▸ RECORDED INFORMATION:
+++

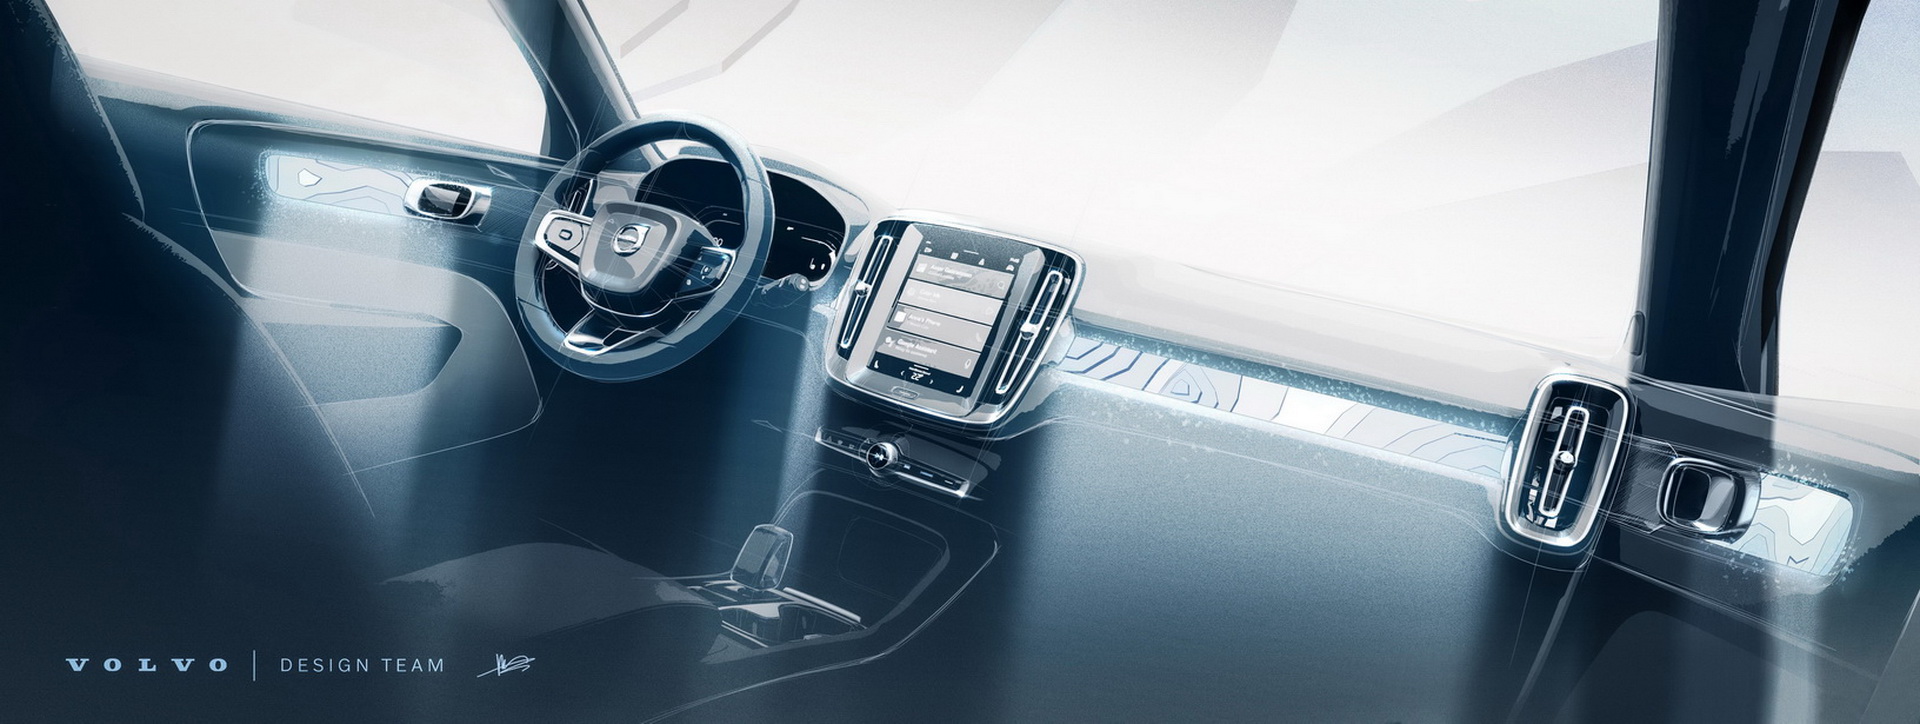 Volvo C40 Recharge во многом олицетворяет будущее Volvo Cars
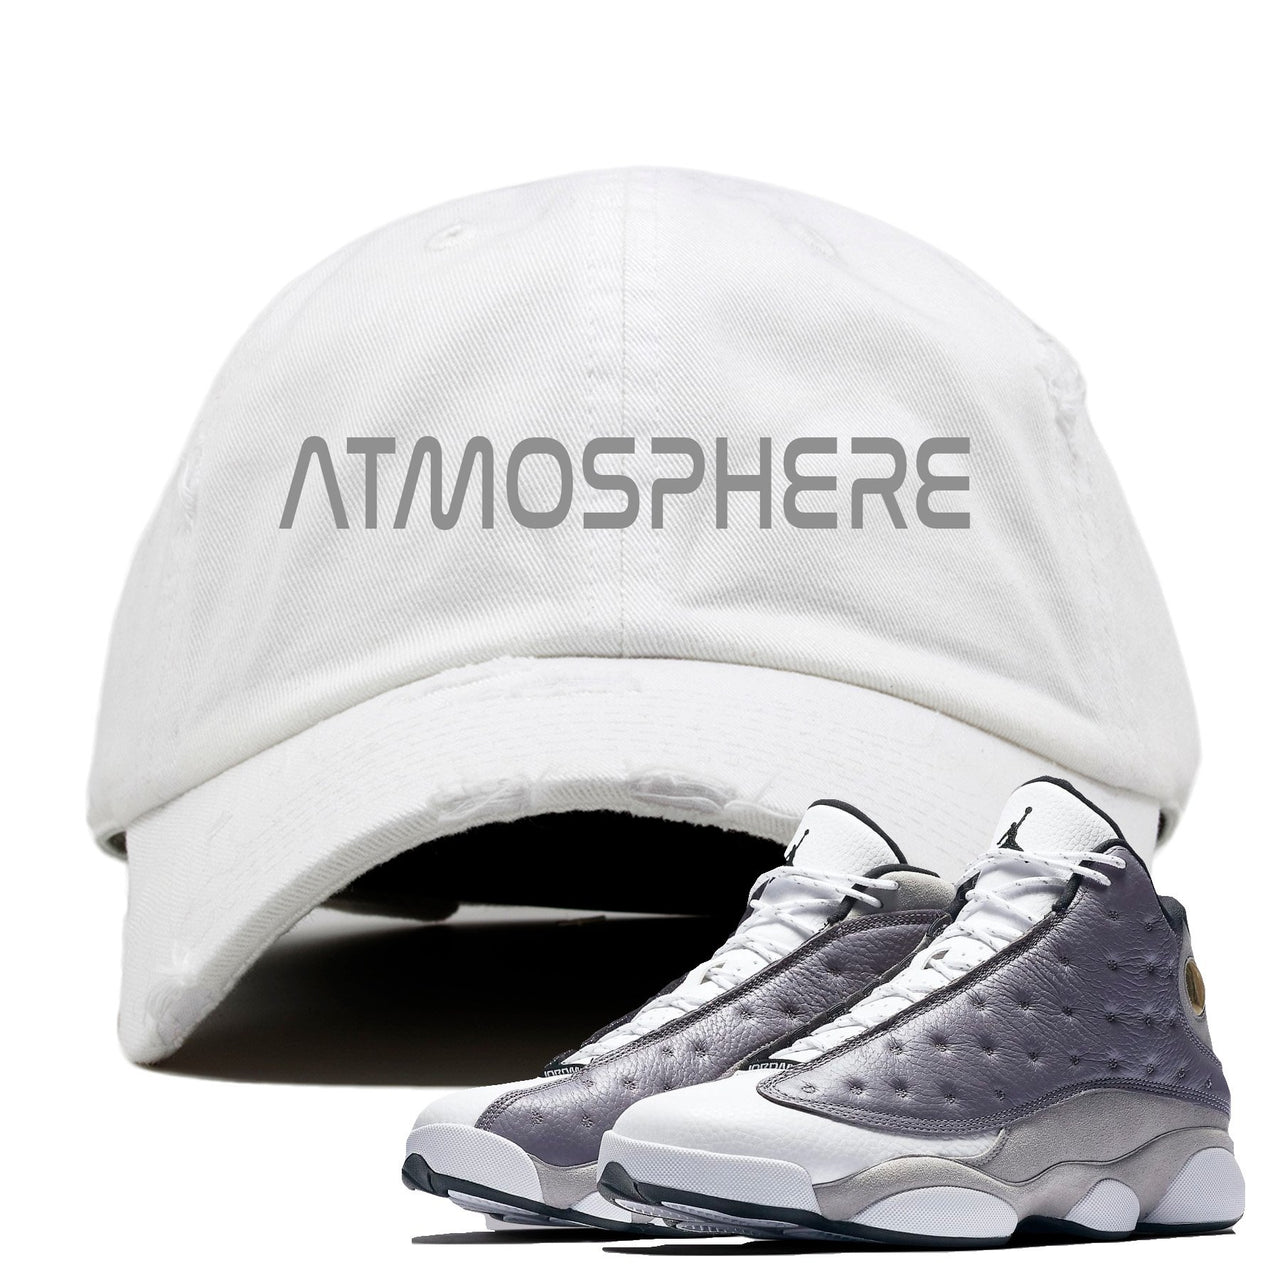 Atmosphere Grey 13s Distressed Dad Hat | Atmosphere, White
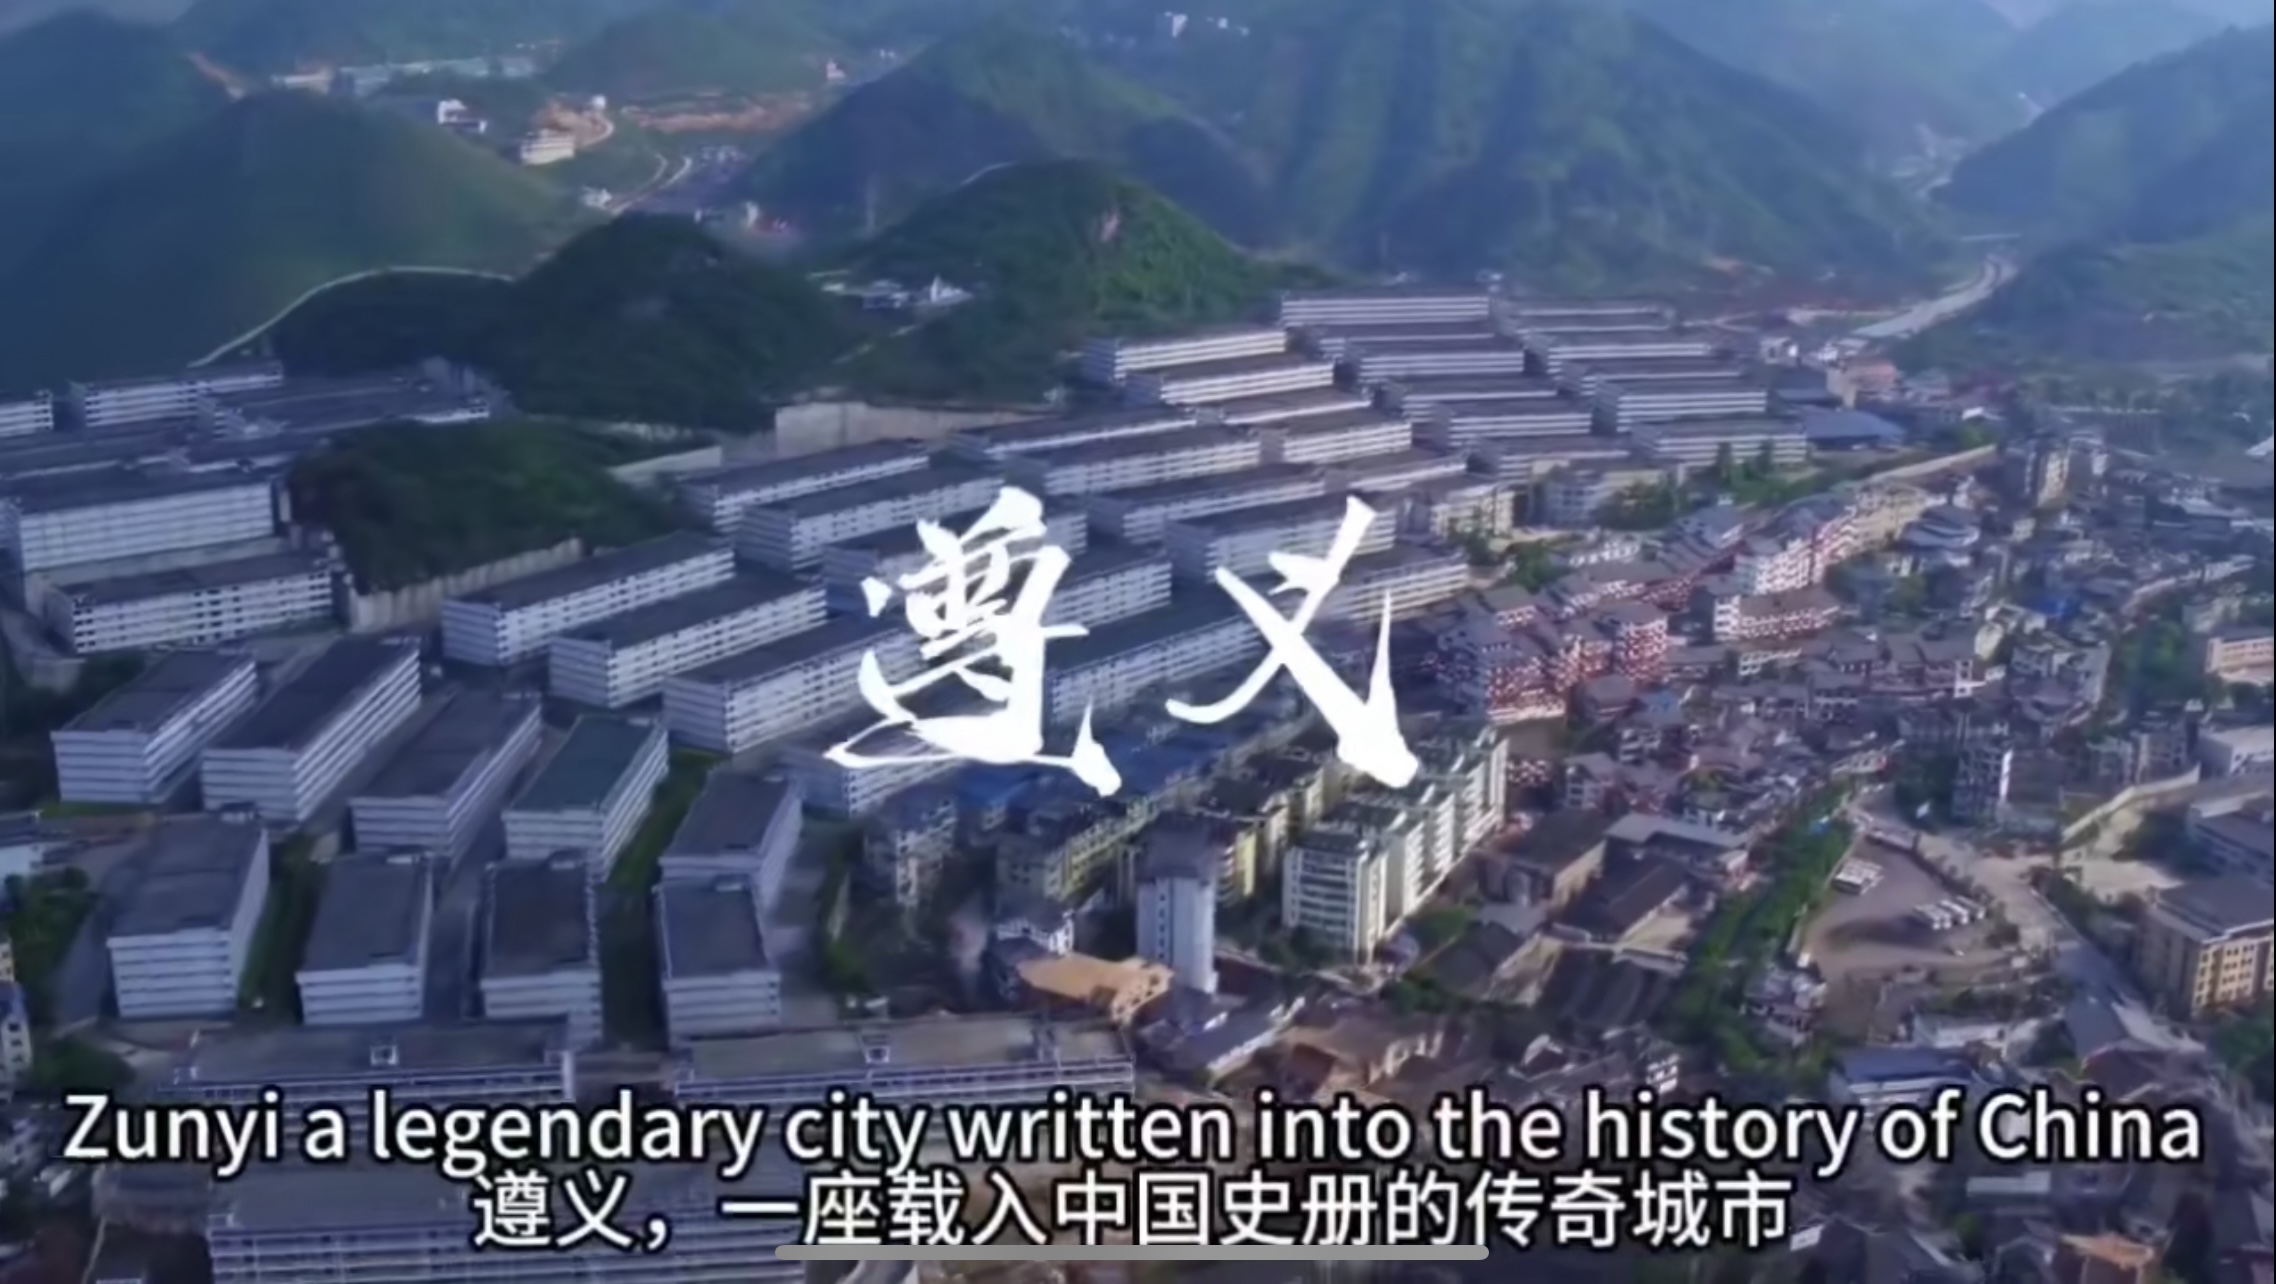 遵义，是一座载入中国史册的传奇城市
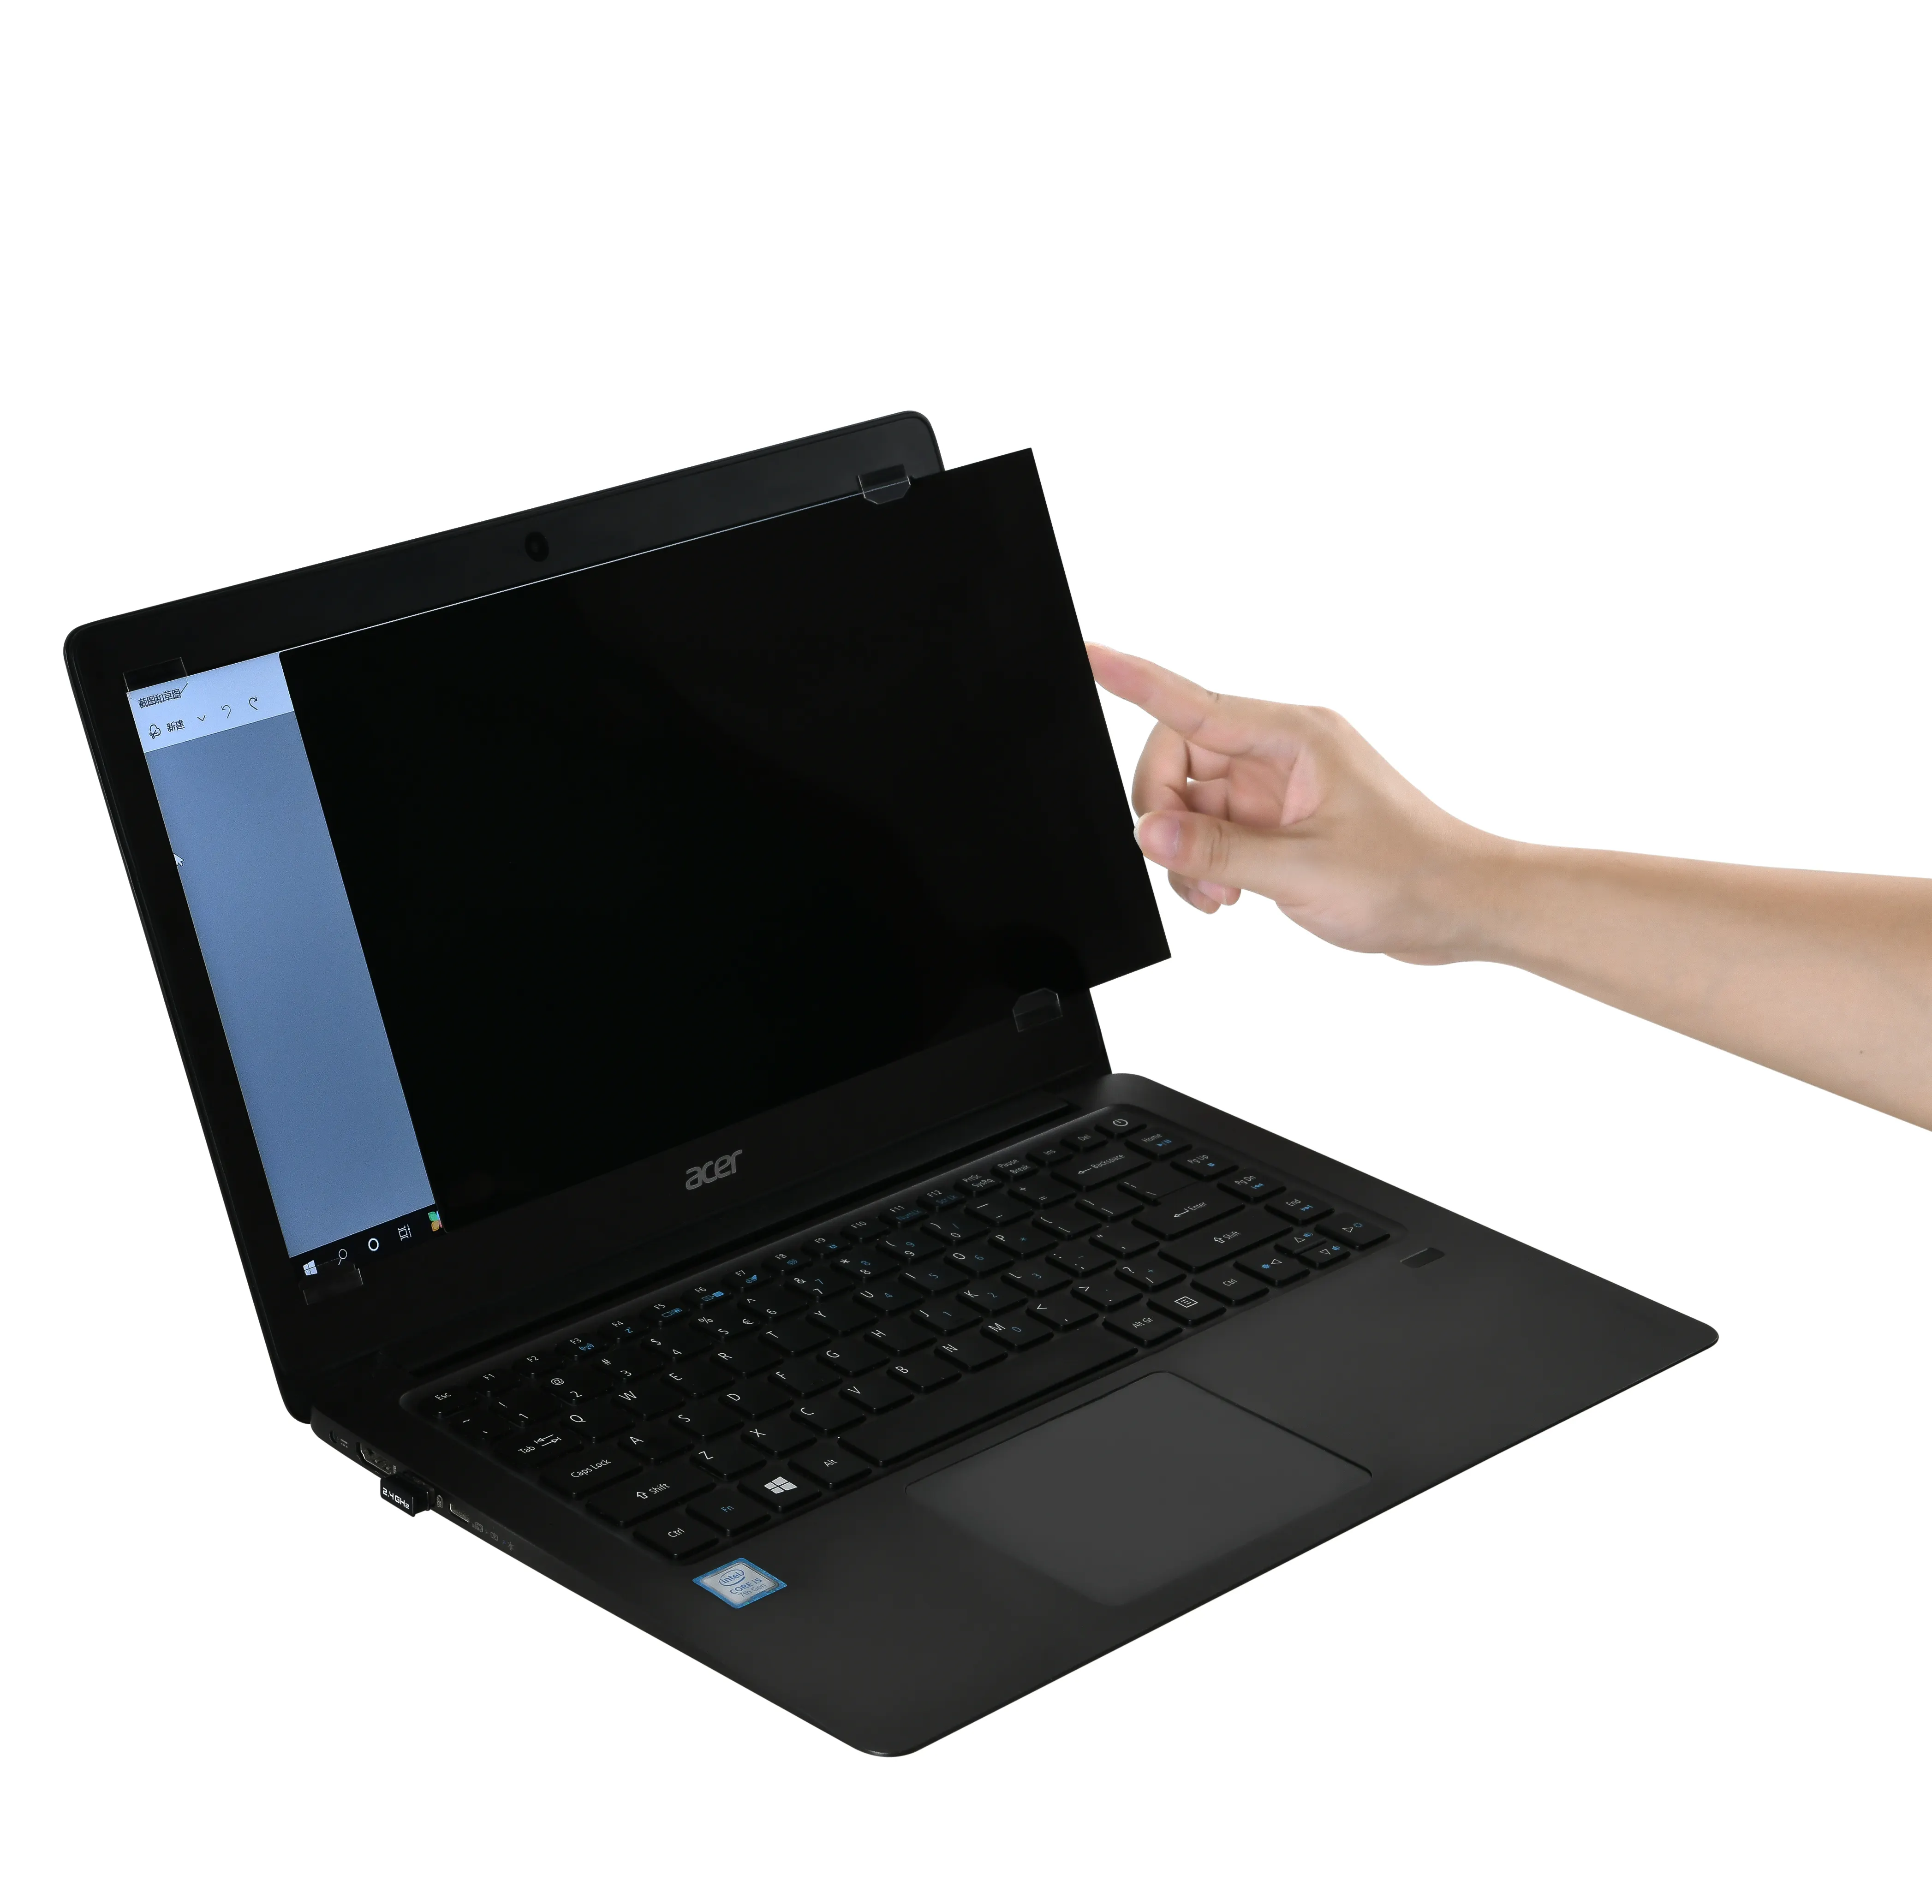 बेस्टसेलर विरोधी जासूस गोपनीयता स्क्रीन रक्षक के लिए कंप्यूटर और लैपटॉप यूवी संरक्षण आसान स्थापित करने के लिए दोनों पक्षों पर उपलब्ध

+++

▸ WORK ORDER: Begin at the line that contains "Atmosphere Grey 13s" and transcribe every line through the end of the listing, exactly as written. Omit the pictures.

▸ ANSWER TO THIS PROBLEM:
 Atmosphere Grey 13s Distressed Dad Hat | Atmosphere, White
 遵义，是一座载入中国史册的传奇城市
 बेस्टसेलर विरोधी जासूस गोपनीयता स्क्रीन रक्षक के लिए कंप्यूटर और लैपटॉप यूवी संरक्षण आसान स्थापित करने के लिए दोनों पक्षों पर उपलब्ध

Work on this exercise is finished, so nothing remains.